I think We are already trying to stop spam, as only quality articles are getting Upvote from community members. And I have one more option like why not we use a "Report Spam" option, in which you can flag any post or submission as " report spam" and provide your feedback about the post. Then Inbound moderators will check the post and they will decide it is a spam post or not..
I see your point.
The thing is that it is almost impossible to build 100% valuable articles timeline basing on submissions and curation. The only way to ensure that low quality content won't appear on the website or at least won't rock the top is implementing old good editors work (as it is used to be made on more traditional resources). Which can also fail because of subjectivity and human factor. Obviously Inbound.org is unlikely to implement such a strategy because the main point of it is submission and curation by upvoting.

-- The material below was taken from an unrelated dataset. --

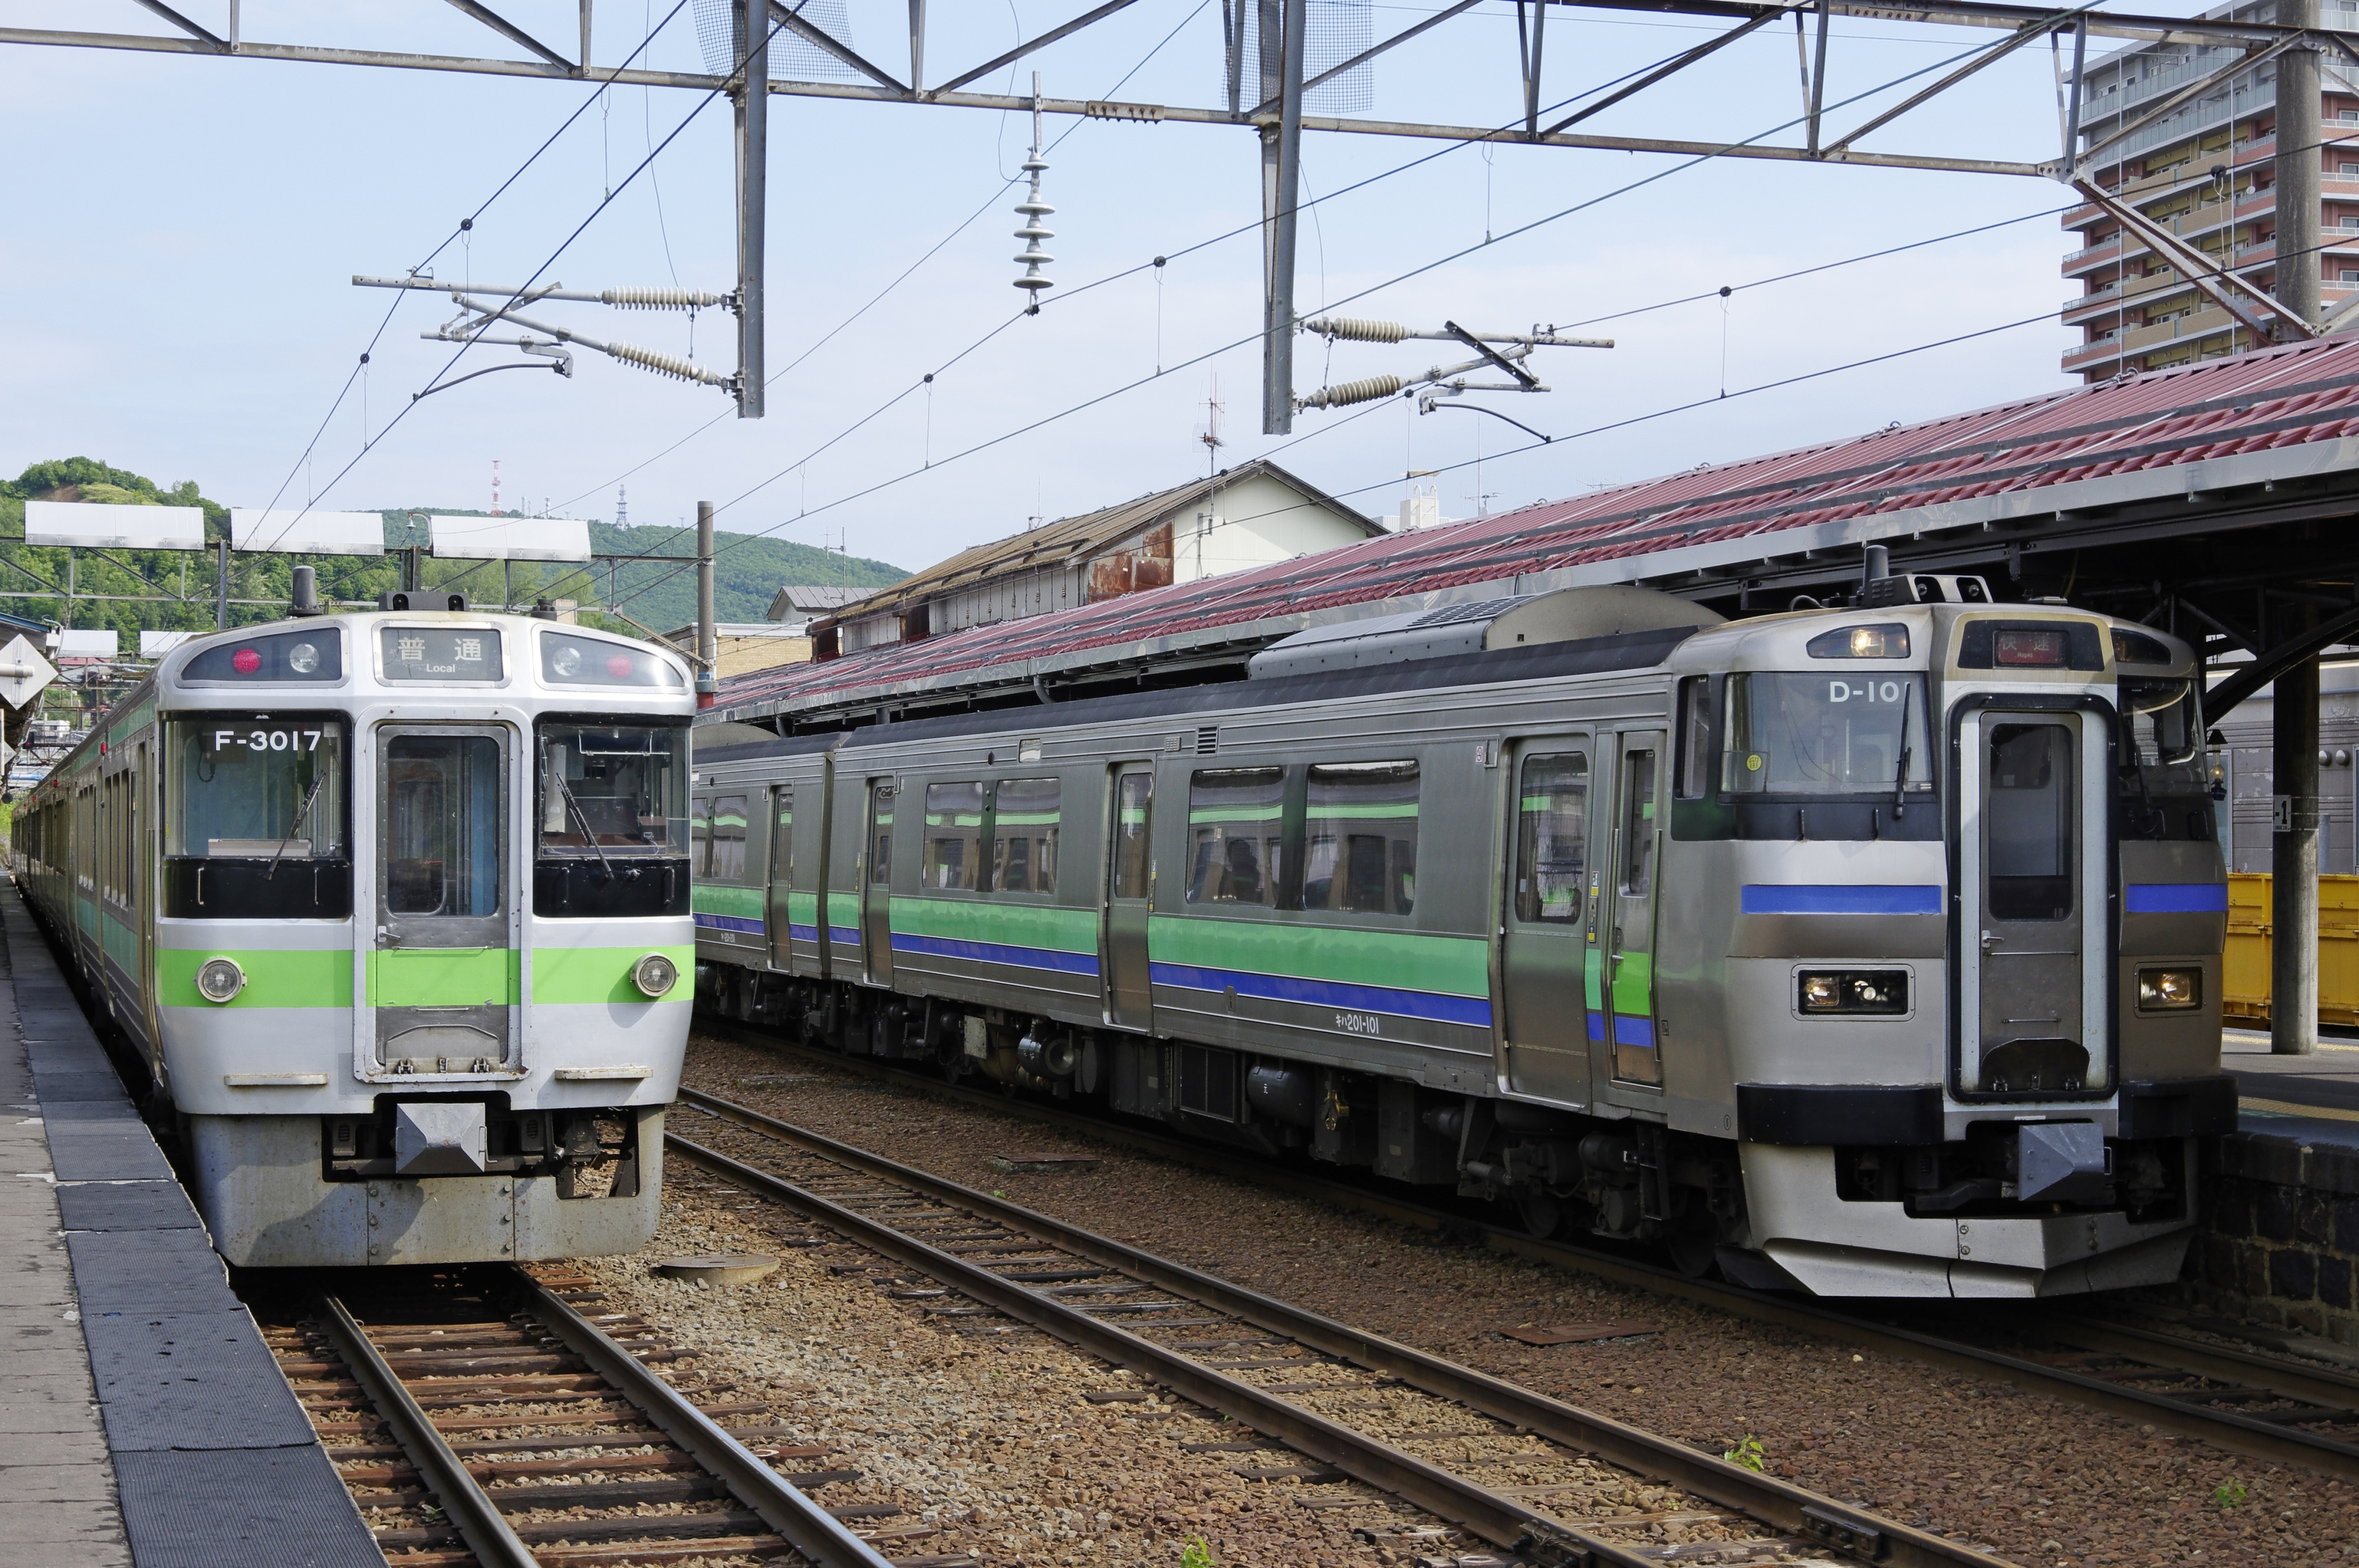 3925D キハ201 ニセコライナー 小樽駅180621 (1).jpg

I think the best we can do is to start from ourselves: submit articles that are really good, report spam, discuss valuable content etc. I mean, being a decent part of the community might help.
Articles should automatically hit the spam filter if they have the word "dead" in the title. SEO is dead, organic search is dead, link building is dead. It's just ridiculous at this point. This site would be greatly improved by a downvote button.
This is what I was talking about - lots of articles are just about the things that have been discussed 1000's times. I wouldn't say Inbound needs a filter for the word "dead" but rather a live person who would monitor and filter out the submissions considered of no adding additional value to the community. In other words - if it's something unique and useful - let it go through. If not - filter it out.
I can see why that might be appealing. But words like "unique" and "useful" are subjective and open to interpretation. Adding a human filter in that way would go against the spirit of this community. We already have hundreds of people that perform the same function via upvotes (and a group of moderators who do great work of deleting outright spam).
I agree with Matthew about downvoting and not having it affect the post's position. It would be great if we can see at first glance if people found it interesting or not.
Besides, spammy people would rather think about getting the up votes rather than wasting their efforts down voting and not really getting any effects on it as far as positioning goes.